-- Task brief --
Without including any pictures, reproduce all the lines below word for word.
Recorded data START
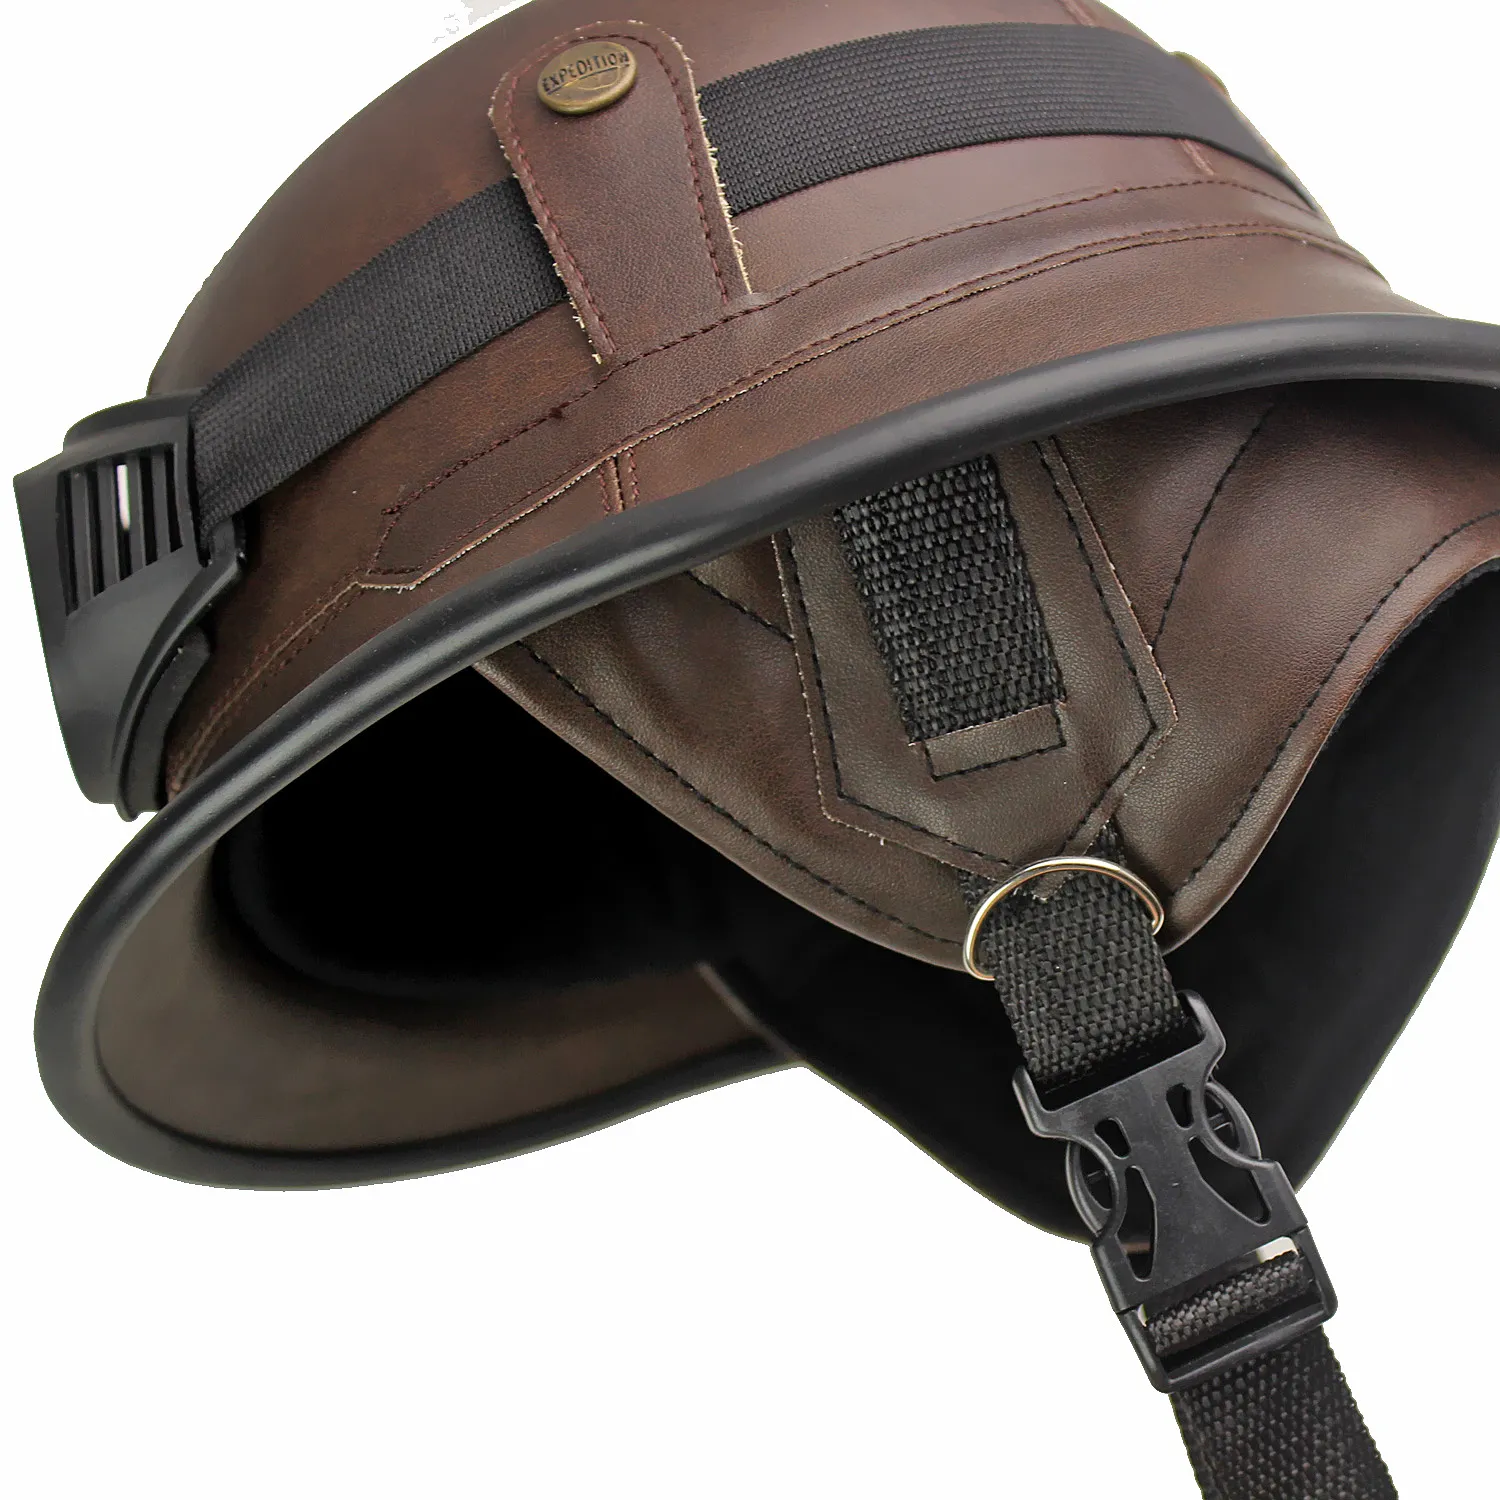 Cedot padrão de segurança da motocicleta fosco alemão meia face capaceteabs capacete protetor de alto desempenho com óculos legais8254582
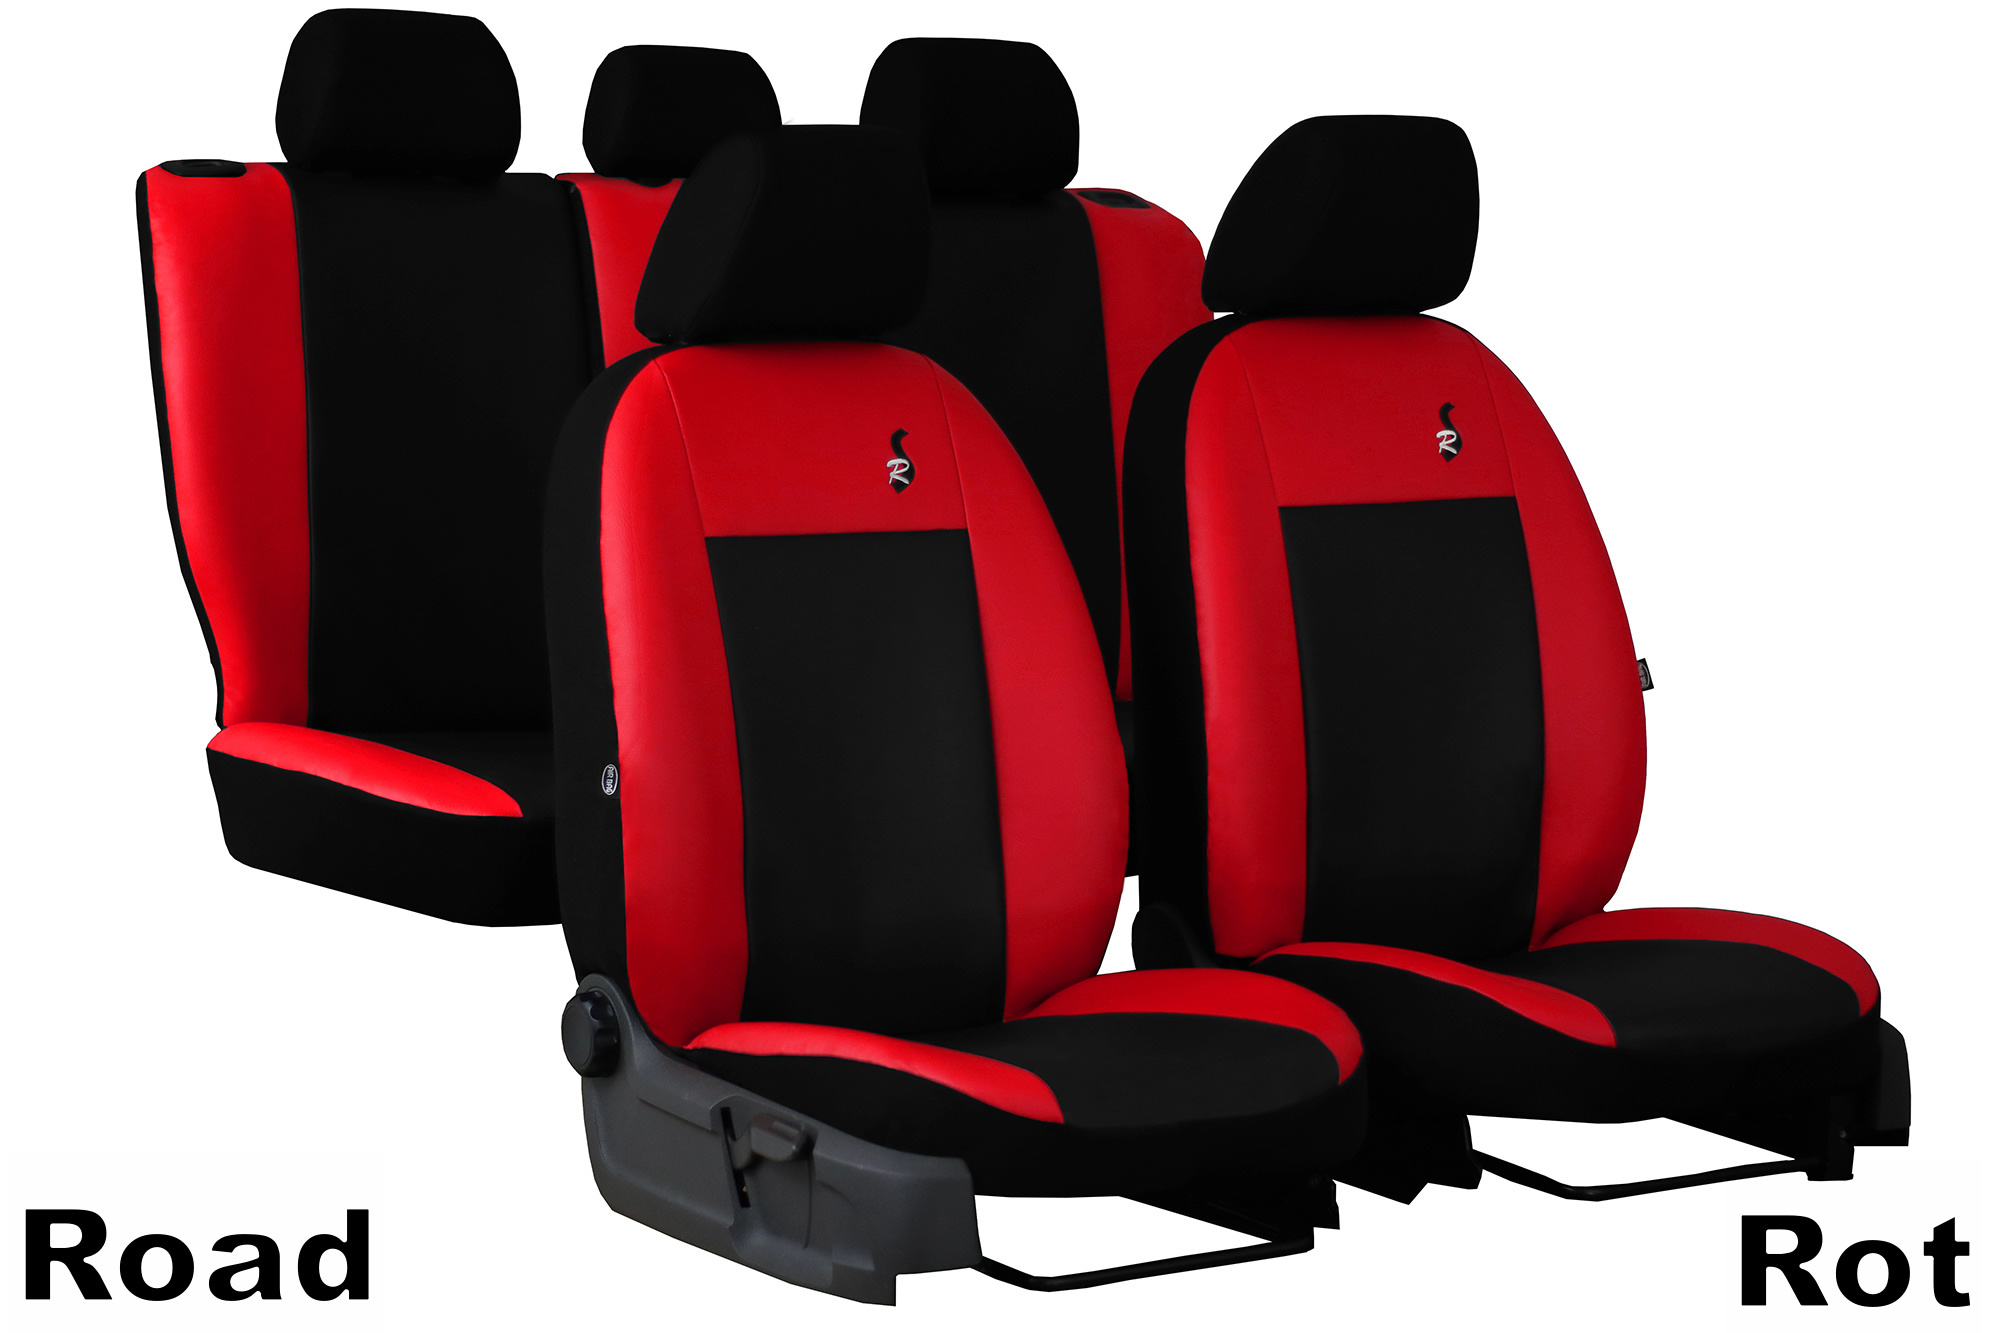 AUDI A3 8P Maßgefertigte Kunstleder Sitzbezüge Schonbezüge Autositzbezüg  Schwarz
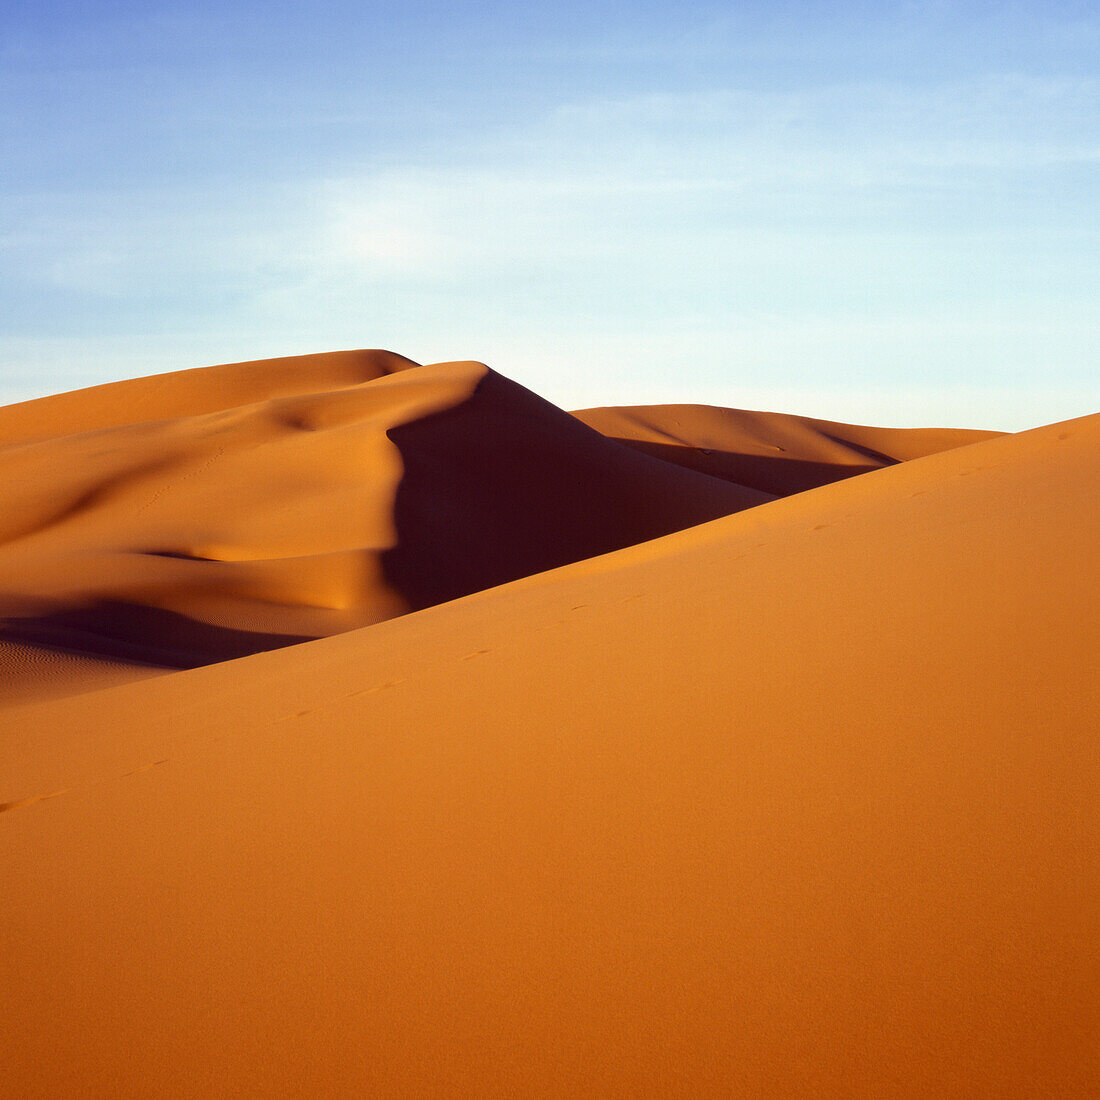 Sahara desert landscape, Morocco
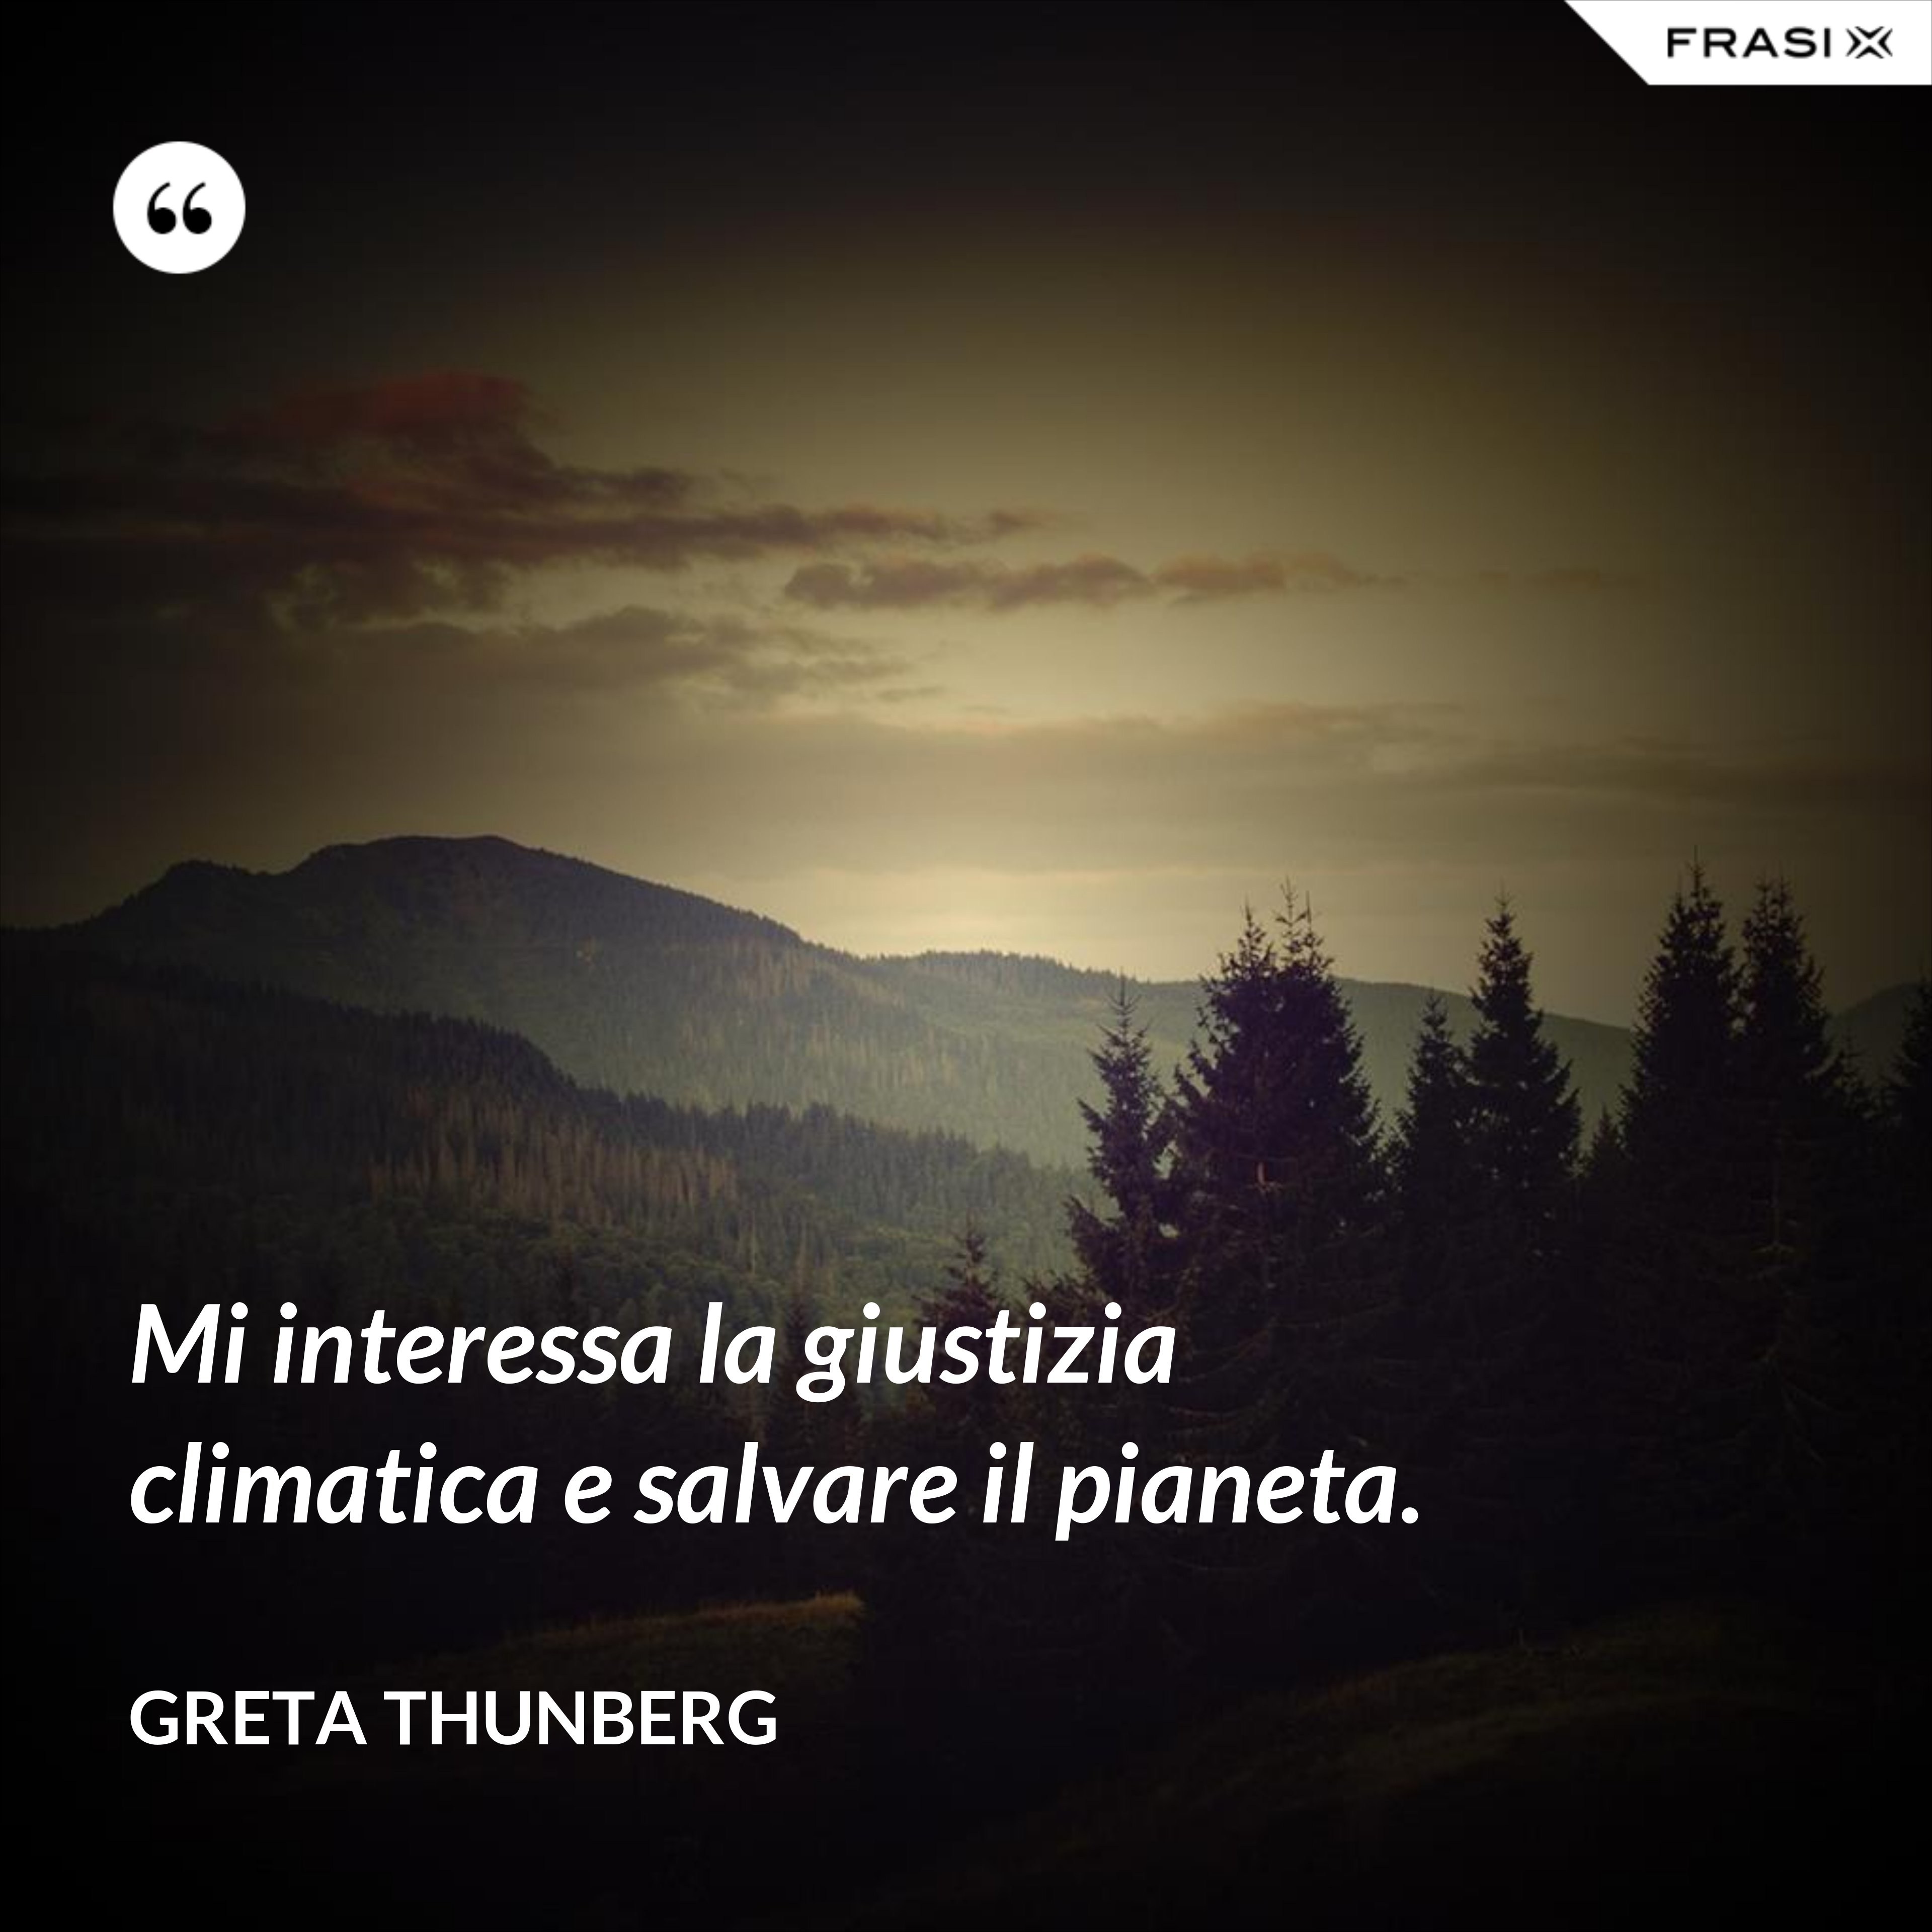 Mi interessa la giustizia climatica e salvare il pianeta. - Greta Thunberg
Recorded data END
-- Finished exercise --
 Cedot padrão de segurança da motocicleta fosco alemão meia face capaceteabs capacete protetor de alto desempenho com óculos legais8254582
 AUDI A3 8P Maßgefertigte Kunstleder Sitzbezüge Schonbezüge Autositzbezüg  Schwarz
 Sahara desert landscape, Morocco
 Mi interessa la giustizia climatica e salvare il pianeta. - Greta Thunberg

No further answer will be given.